Aim of the exercise » Copy verbatim the span of lines beginning at the line that contains "2K-Epoxi-Beschichtung Kieselgrau, Komponente" and ending with the final line of the data. Exclude pictures from the copy.

Given material »
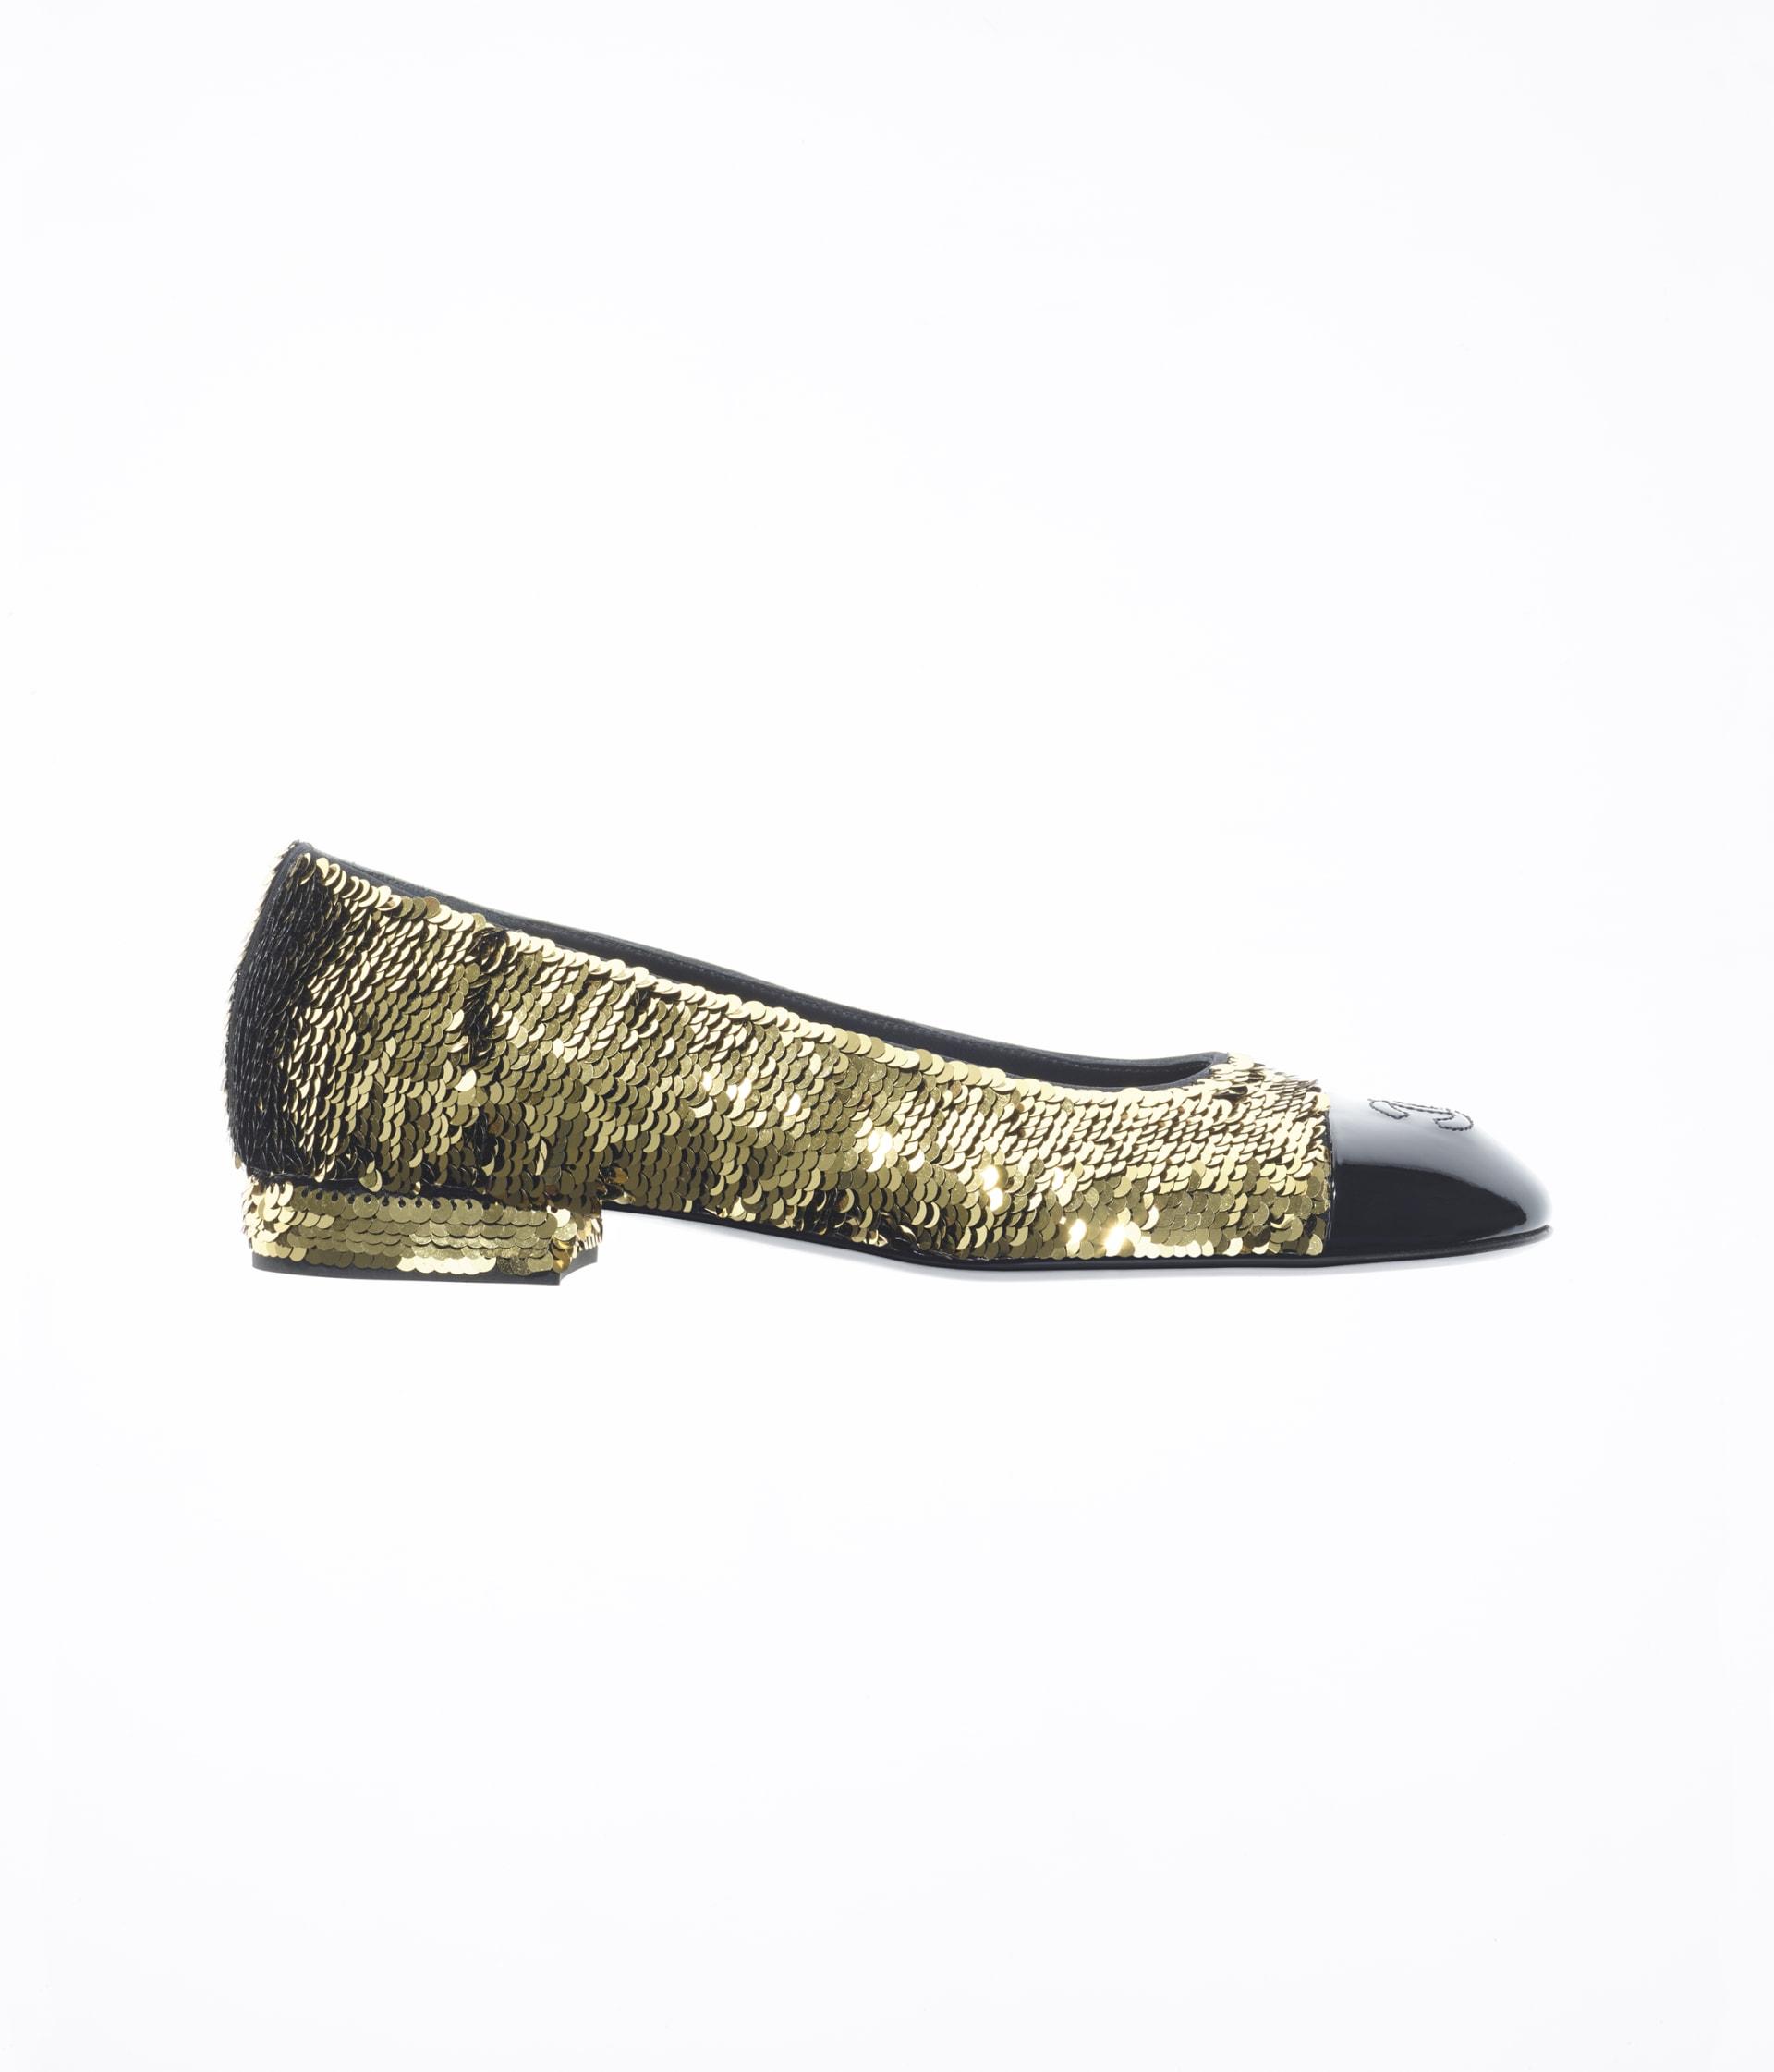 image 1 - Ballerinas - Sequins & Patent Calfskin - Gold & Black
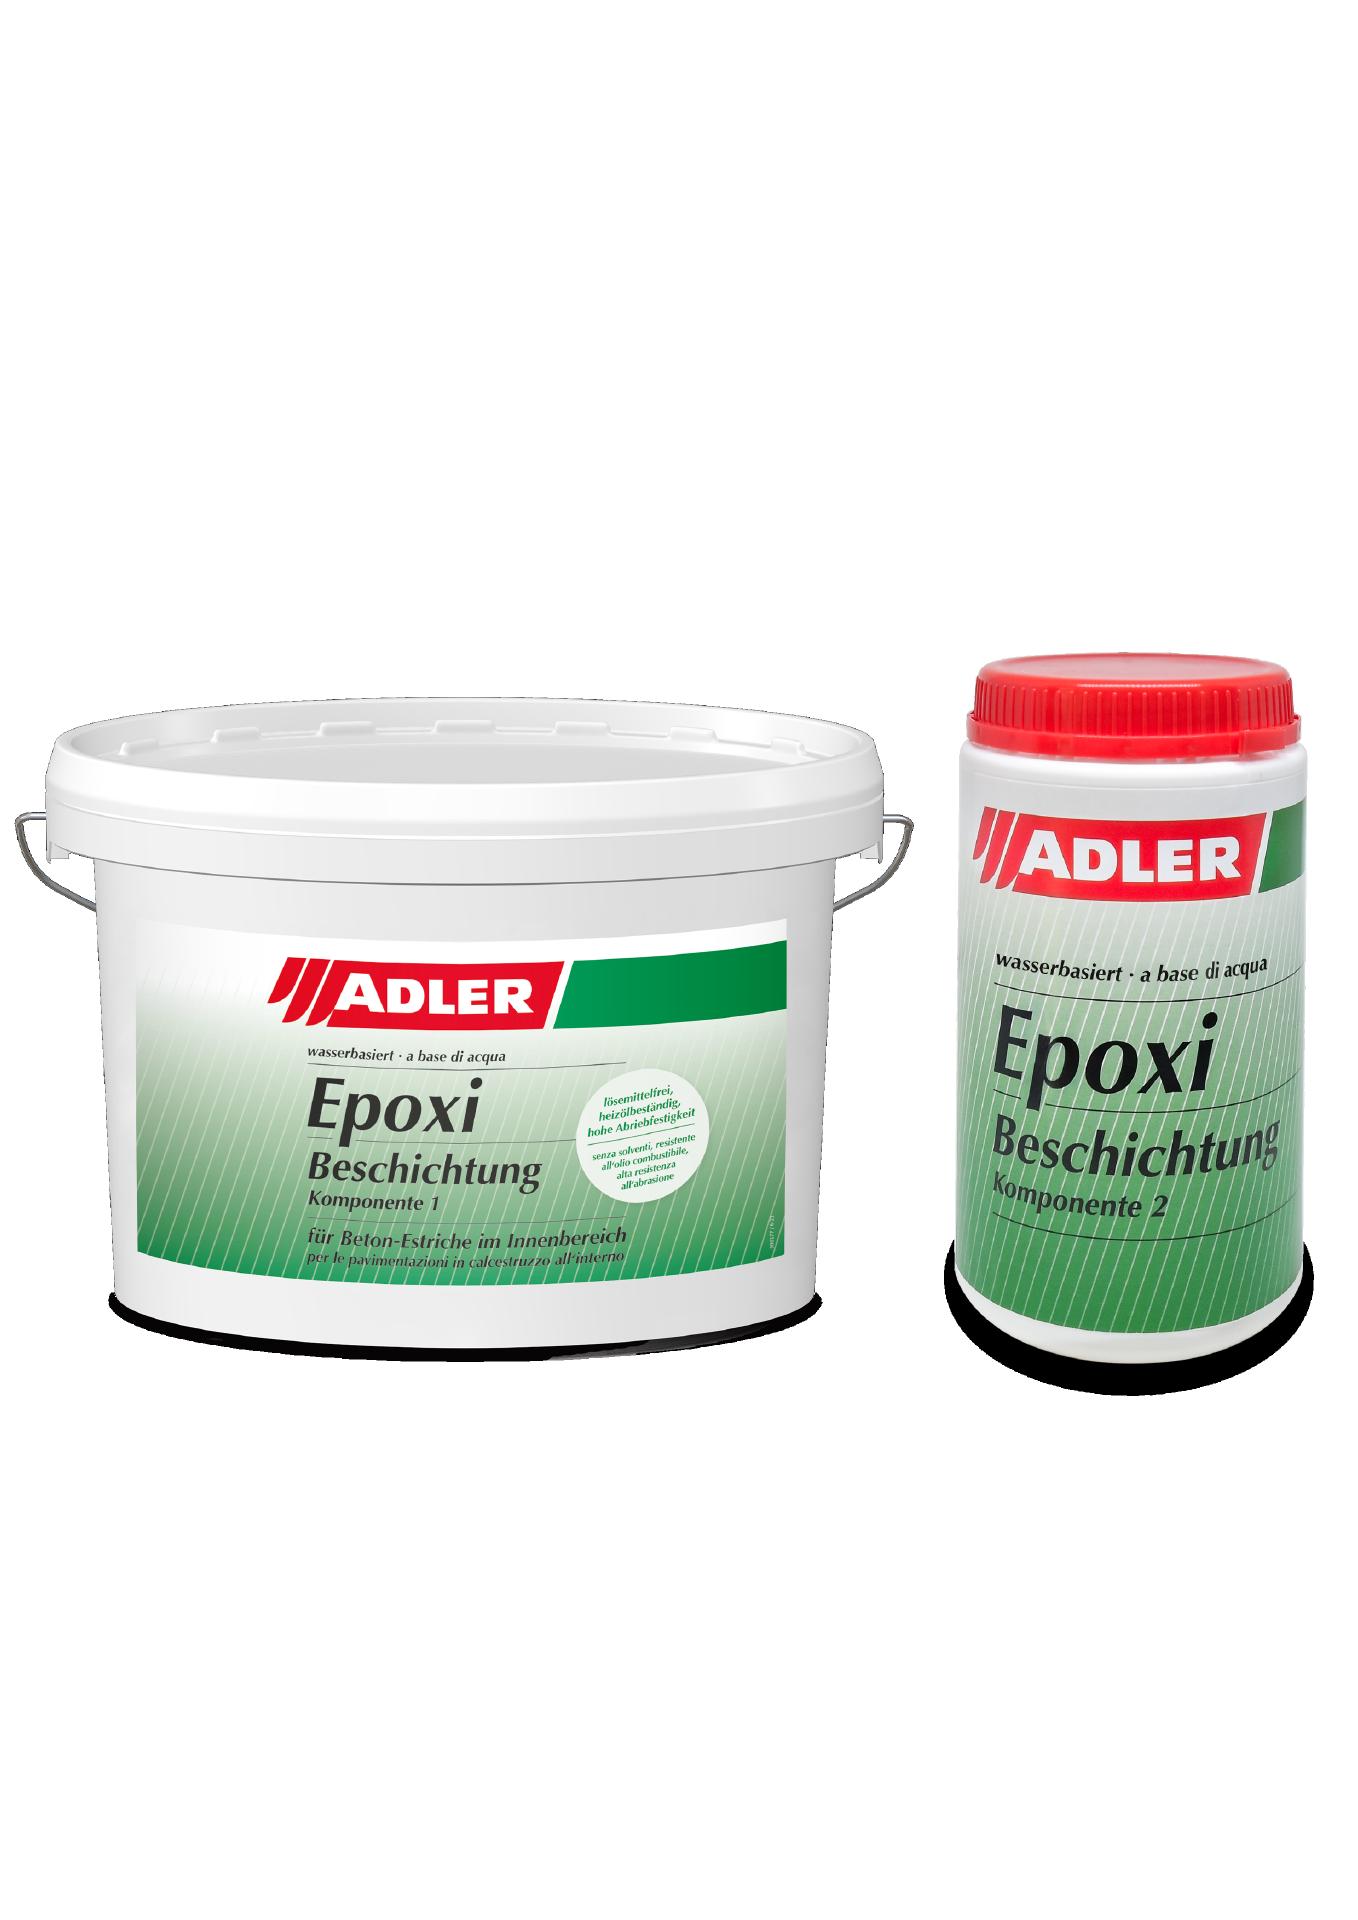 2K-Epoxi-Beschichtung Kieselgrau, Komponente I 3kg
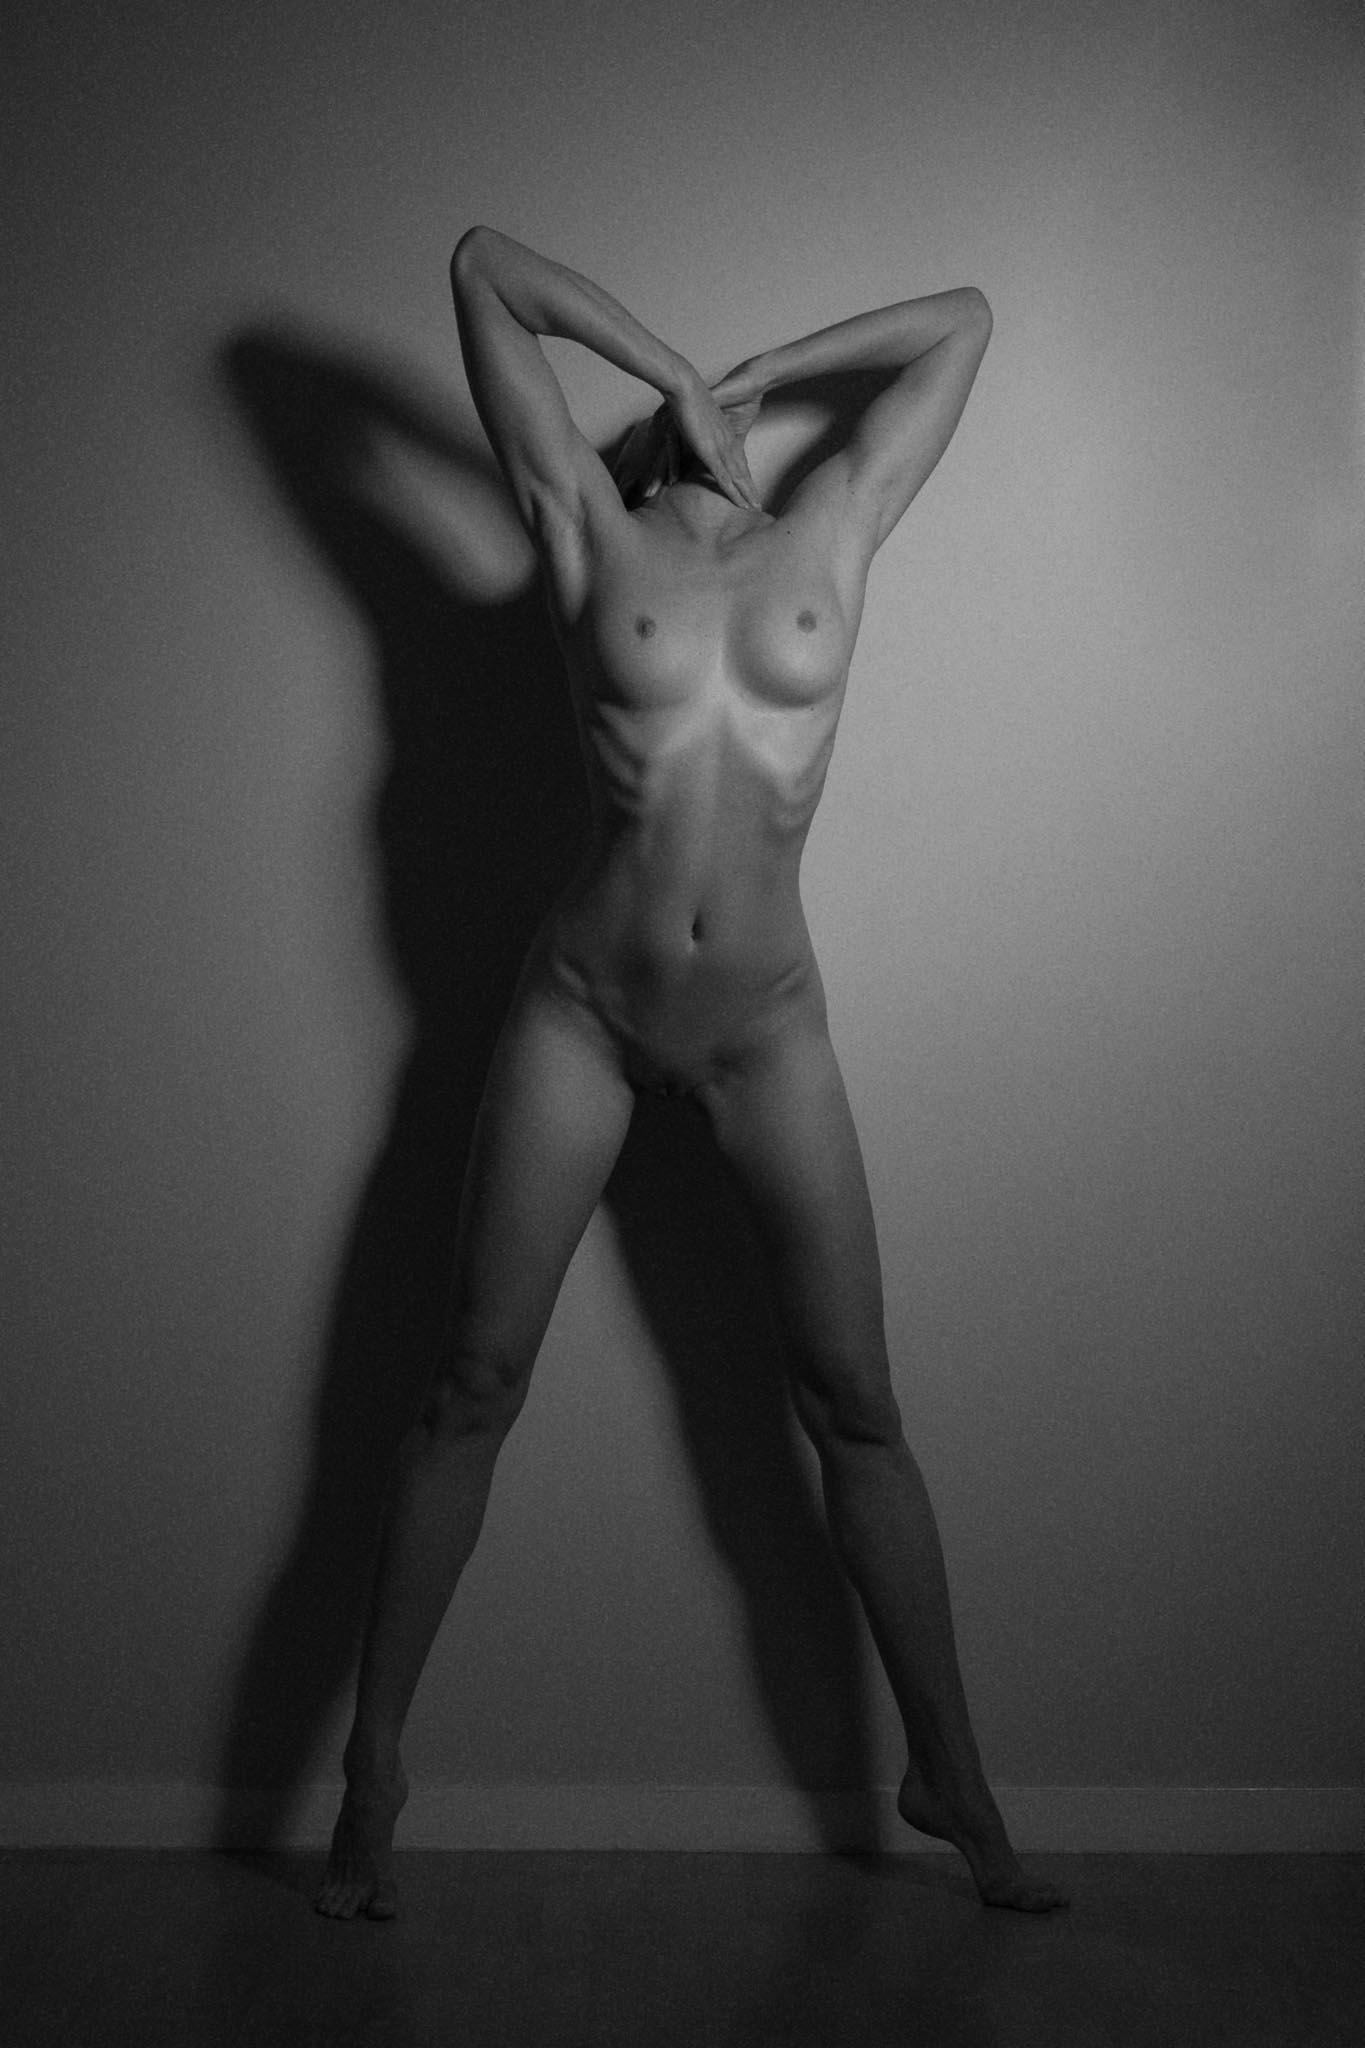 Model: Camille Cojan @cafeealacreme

Solution to the problem »
 2K-Epoxi-Beschichtung Kieselgrau, Komponente I 3kg
 Model: Camille Cojan @cafeealacreme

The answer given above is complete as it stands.